* Given material
##########

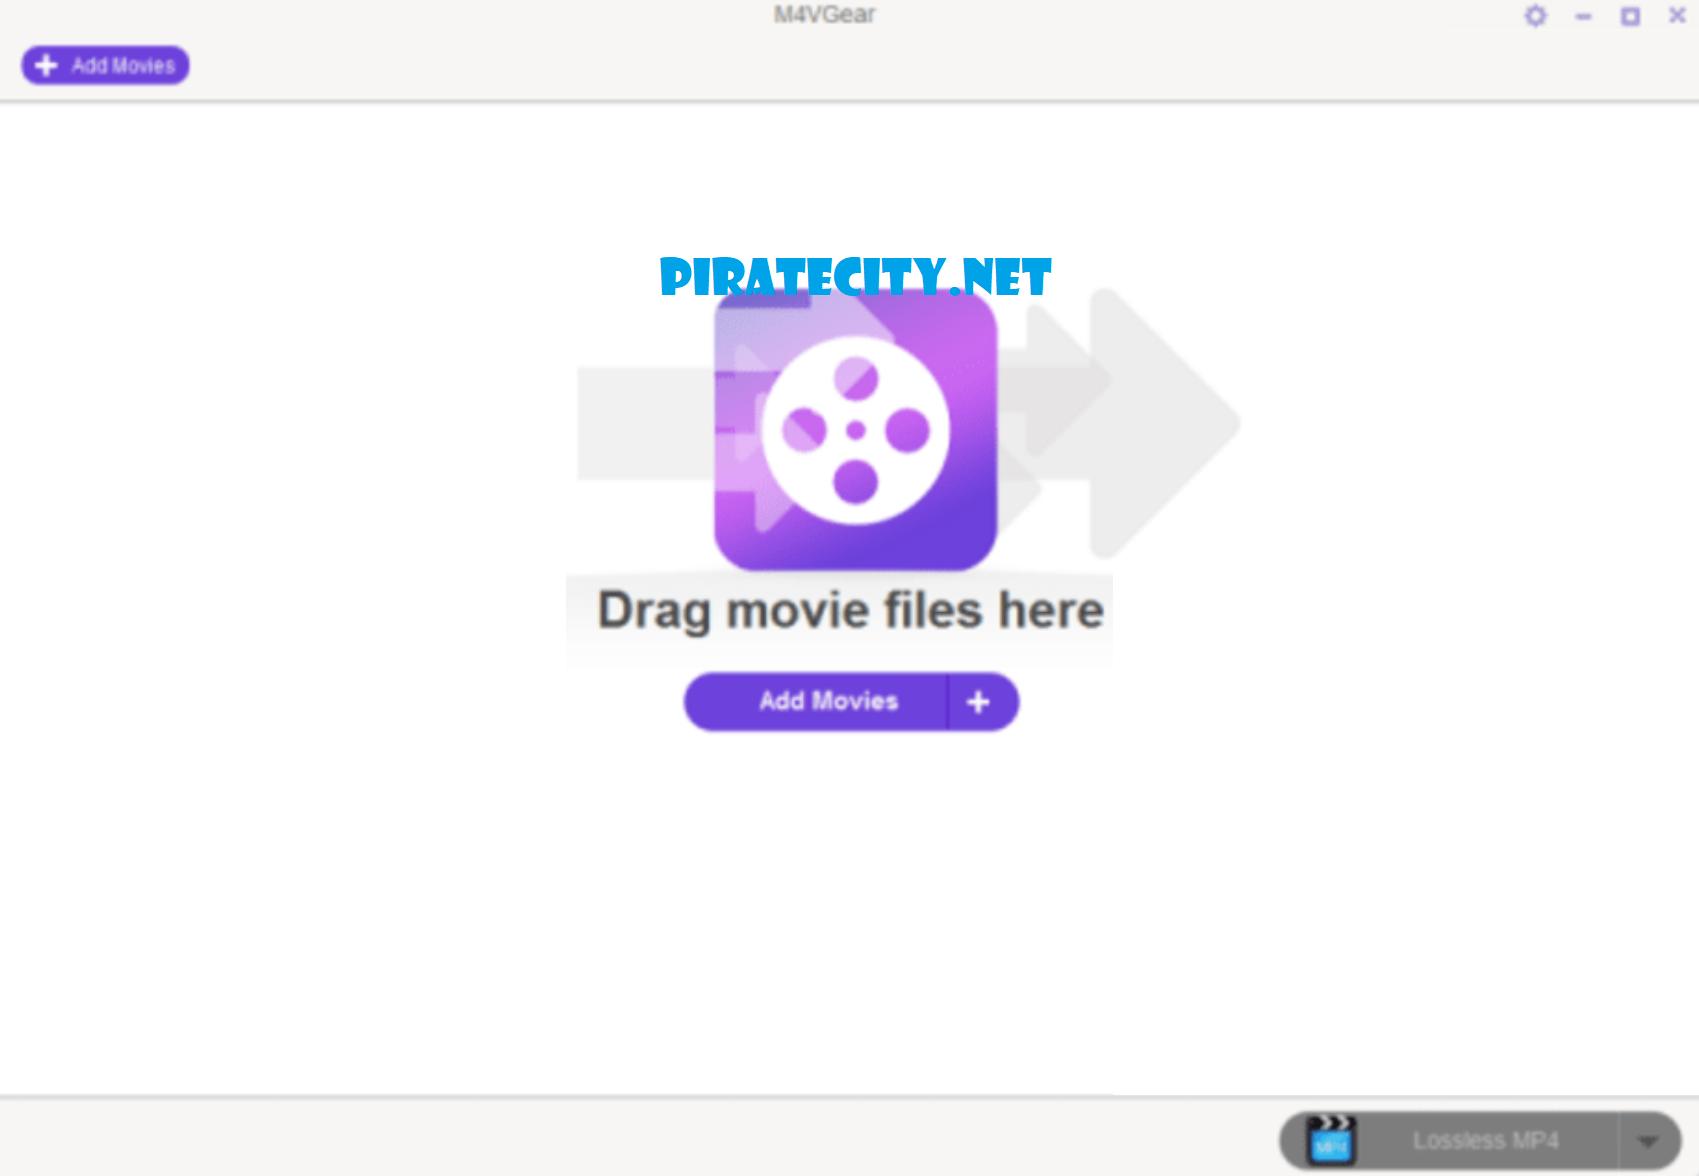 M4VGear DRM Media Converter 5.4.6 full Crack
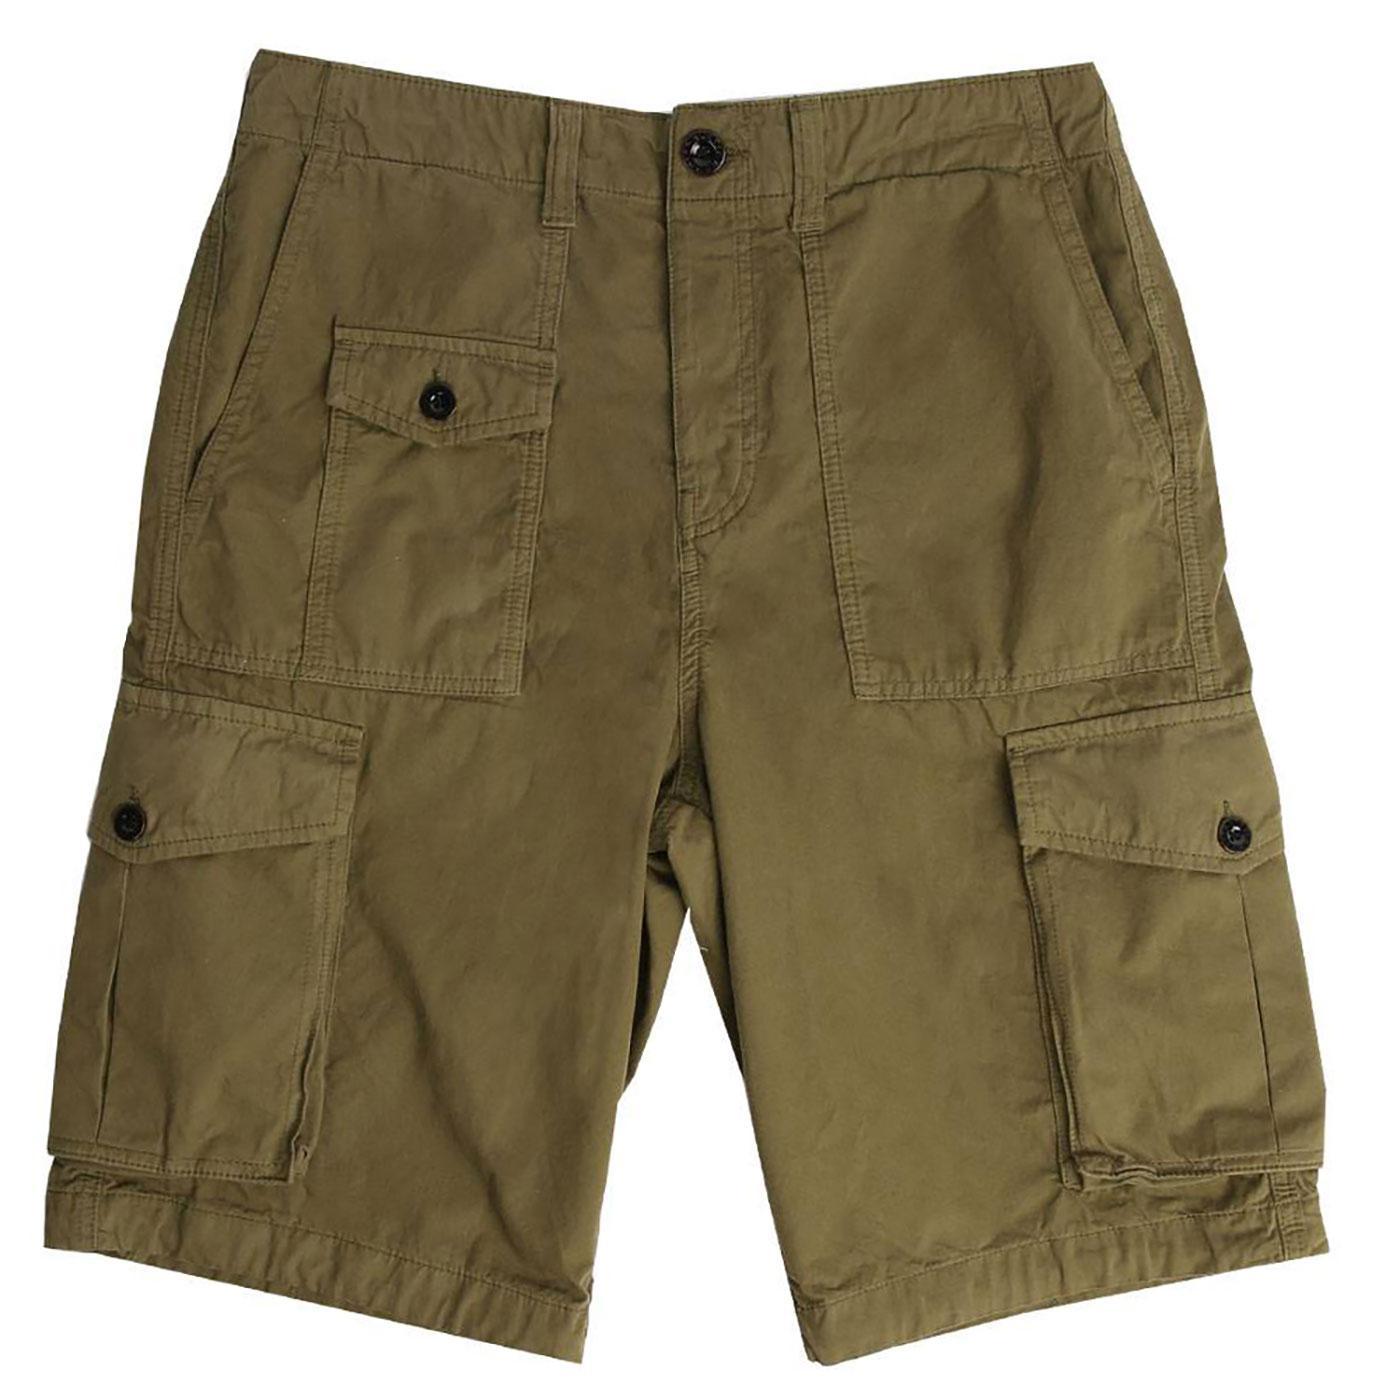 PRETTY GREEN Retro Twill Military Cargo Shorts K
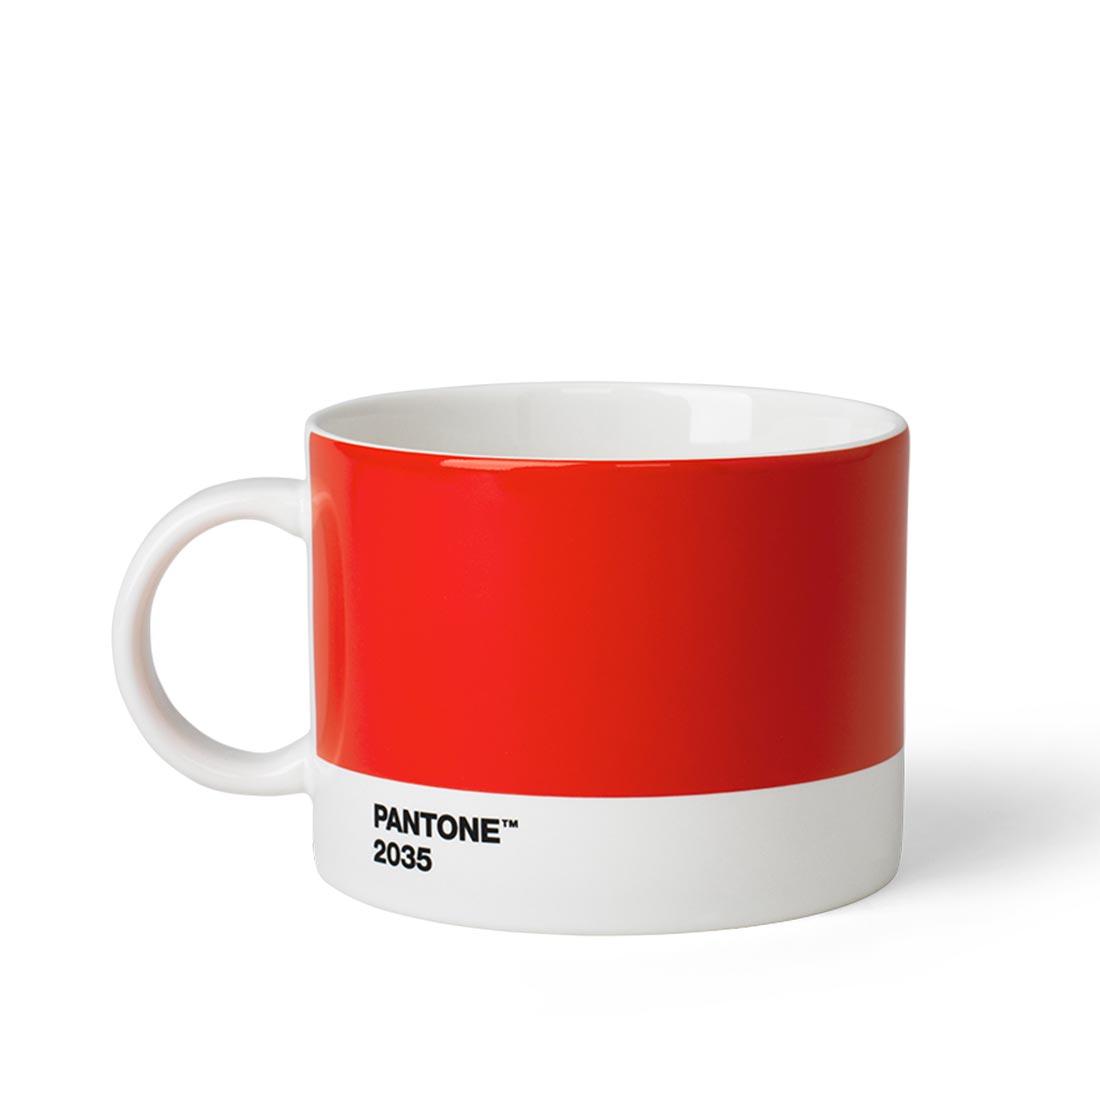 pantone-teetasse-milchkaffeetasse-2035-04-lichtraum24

##########

* Directions for this task
Repeat the data exactly as written, but without the pictures.

* Response to this exercise
 M4VGear DRM Media Converter 5.4.6 full Crack
 PRETTY GREEN Retro Twill Military Cargo Shorts K
 pantone-teetasse-milchkaffeetasse-2035-04-lichtraum24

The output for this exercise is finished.